Estas cifras no causan más que vértigo y una sensación que va de la angustia a la risa. Es un ejemplo de la desproporción inasible de los fenómenos culturales en un tiempo de reproducción digital. Spotify tiene más de cien millones de canciones en su catálogo, millones de ellas nunca han sido escuchadas ni tocadas. Hay un archivo completo de canciones ignoradas en forgotify.com. Así, más que una democratización y popularización de la música, vivimos una verdadera masificación del olvido.

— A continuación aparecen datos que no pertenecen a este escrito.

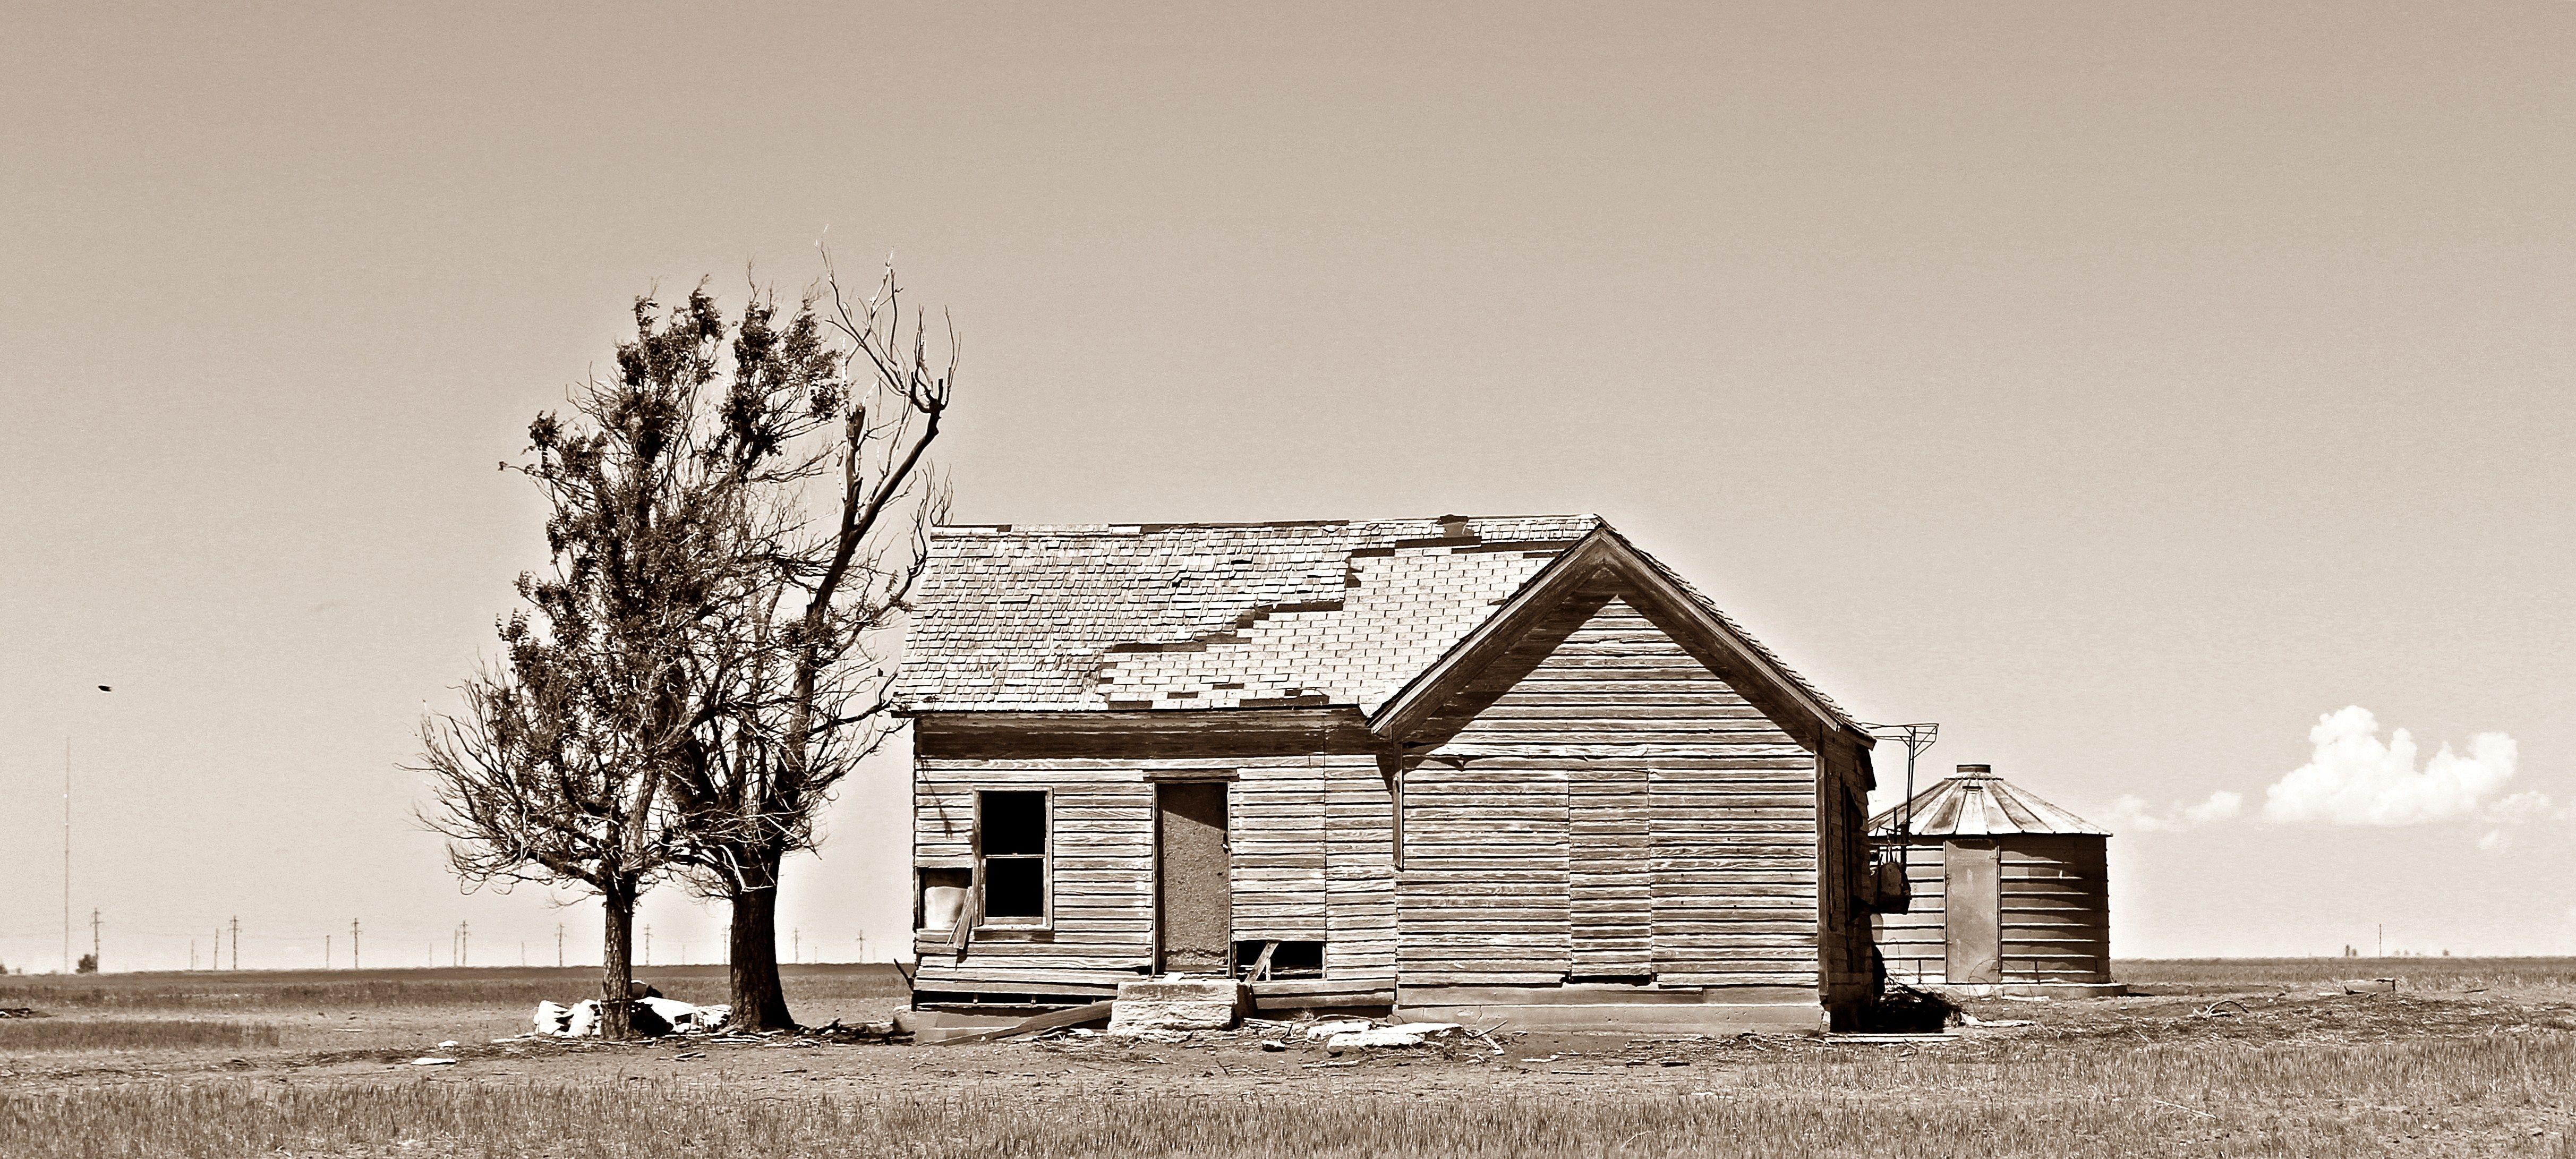 Abandoned dust bowl era farm homestead in texas county

El streaming se planteaba como una alternativa honesta frente a la piratería, una opción eficiente y justa para los creadores. Sin embargo, pasamos de un tiempo en que los músicos no recibían ni un centavo de su trabajo a la actualidad, cuando se les recompensa con milésimas de centavo en un sistema perfectamente legal, que sólo nutre la voracidad corporativa y ex-plota a los creadores. El establecimiento de sistemas de membresía y pago no solamente ha cimentado la depredación, sino que ha venido a clavarle la estaca en el pecho al espíritu rebelde y disidente de la música y del ciber-espacio. Las revoluciones musicales son espontáneas e impredecibles, suceden sin programa ni agencias de
publicidad. En estos años turbulentos, amargos y confusos debe aparecer una corriente artística que refleje la ignominia, el desconsuelo y la rabia de lo cotidiano. Lo único que nos queda es esperar que la spotificación del espíritu no haya aniquilado del todo la resistencia y la creatividad.